It is tedious to do 10 t tests, but that is not why ANOVA is preferred. The real problem is that the likelihood of making a Type I error increases as the number of t tests increases. Scientists usually set alpha, the probability of a Type I error, at .05, so that they have a 5% chance of making this error. But, with 10 separate tests, the overall alpha level rises to be close to 50%. This means that there is close to a 50% chance that 1 of the 10 t tests will reach the wrong conclusion, rejecting the null hypothesis when it is true. Those are not good odds. And, the experimenter won’t know which, if any, of the statistically significant results is erroneous.

Analysis of variance solves the problem of having a large risk of Type I error, what statisticians call runaway alpha. With ANOVA, one test is completed with a specified chance of Type I error. As with t tests, the alpha level, the chance of committing a Type I error, is usually set at .05. One test—the ANOVA—compares all the means at once and determines if any two of the means have a statistically significant difference. If the ANOVA is statistically significant, then the researcher performs what is called a post-hoc test. A post-hoc test is a follow-up test, engineered to find out which pairs of means differ while keeping the overall alpha level at a specified level, again, usually .05.

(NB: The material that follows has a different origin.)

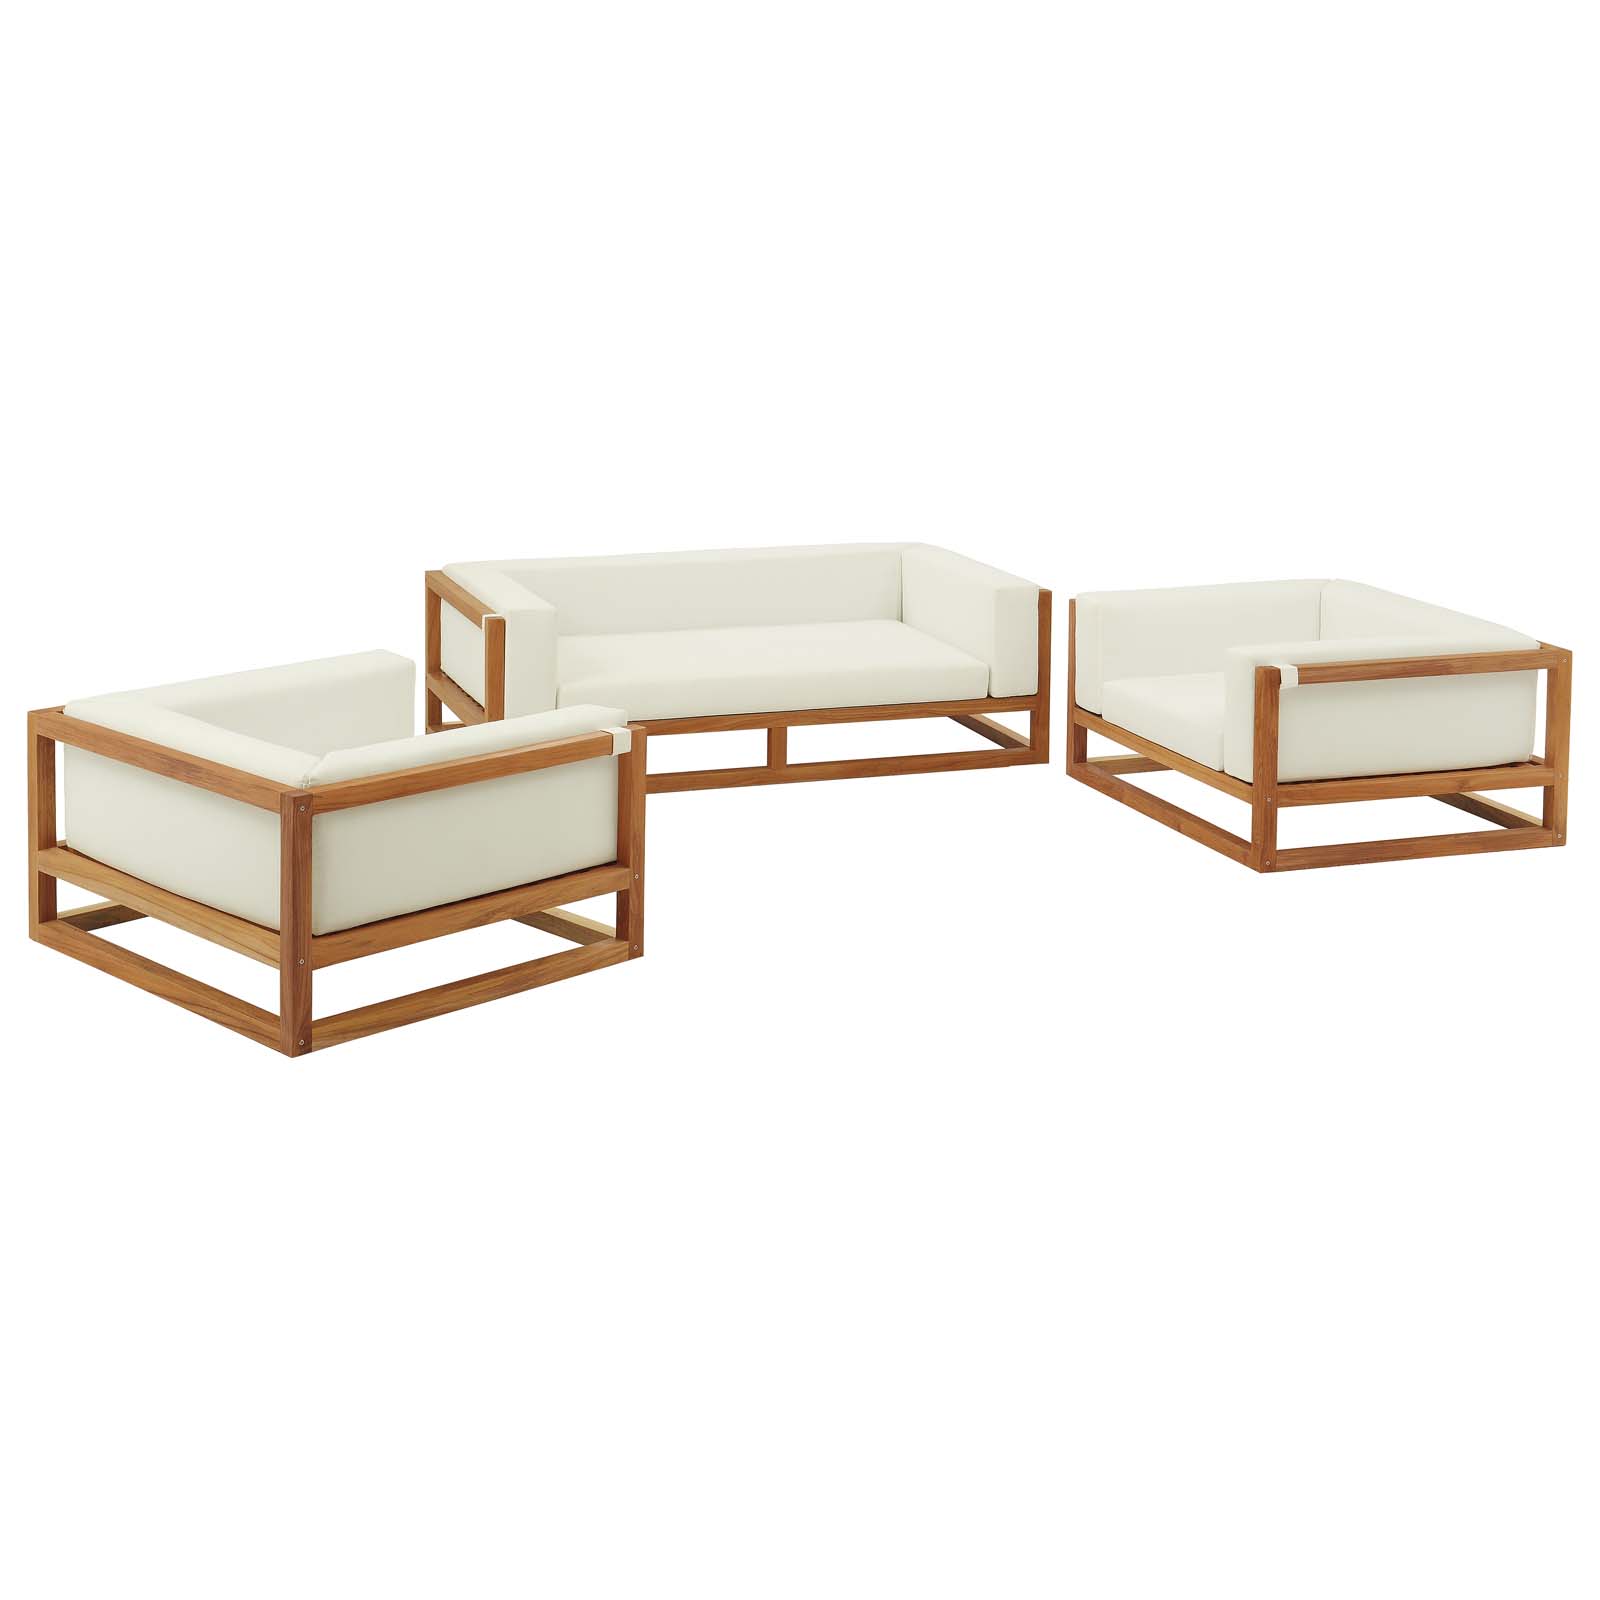 Contemporary Modern Urban Designer Outdoor Patio Balcony Garden Furniture Lounge Chair and Coffee Table Set, Wood, Natural White - image 1 of 7

Here’s a metaphor for how analysis of variance and post-hoc tests work together. Imagine standing outside of a football stadium on the day of a big game and hearing a loud roar. From the roar, one would know that something significant has happened in the game. That’s analysis of variance—it indicates, in general, that something interesting has happened, but it doesn’t state specifically what happened. To find out what has happened at the game, one needs to buy a ticket and go into the stadium. Going into the stadium is like doing a post-hoc test. Post-hoc tests are only conducted in analysis of variance when one is sure there is something interesting to be found.

What ANOVA Does

With this background on ANOVA, let’s learn why it is called analysis of variance and how it works. ANOVA works by analyzing a set of scores and separating out the different sources of variability in the scores.

To understand this, imagine investigating the effect of alcohol on intoxication. Suppose research participants come to a laboratory where each person consumes one beer. After 20 minutes, researchers measure the level of intoxication by observing the effects of the alcohol on each person’s performance on a behavioral task, say, walking a straight line. The higher the intoxication score, the poorer is the ability to walk in a straight line.

332

Figure 10.1 shows the expected results—not everyone would have exactly the same intoxication score. Rather, there is variability in the scores—with some people acting quite intoxicated, some people not acting at all intoxicated, and most clustered around the average score. Even though everyone received exactly the same dose of alcohol, not everyone reacted in exactly the same way. This variability within a group that receives the same treatment is called within-group variability. Within-group variability is primarily caused by individual differences, attributes that vary from case to case. So, how much one weighs, how recently one has eaten, and how much prior experience one has had with alcohol will all affect a person’s intoxication score. These are all individual difference factors.

image
Figure 10.3: Figure 10.1 Distribution of Intoxication Scores for Participants Who Consumed One Beer Even though all participants received exactly the same dose of alcohol, there was variability in how it affected them. Some people exhibited very little intoxication and other people showed more. This variability within the group is accounted for by individual differences such as sex, weight, time since last meal, and prior experience with alcohol.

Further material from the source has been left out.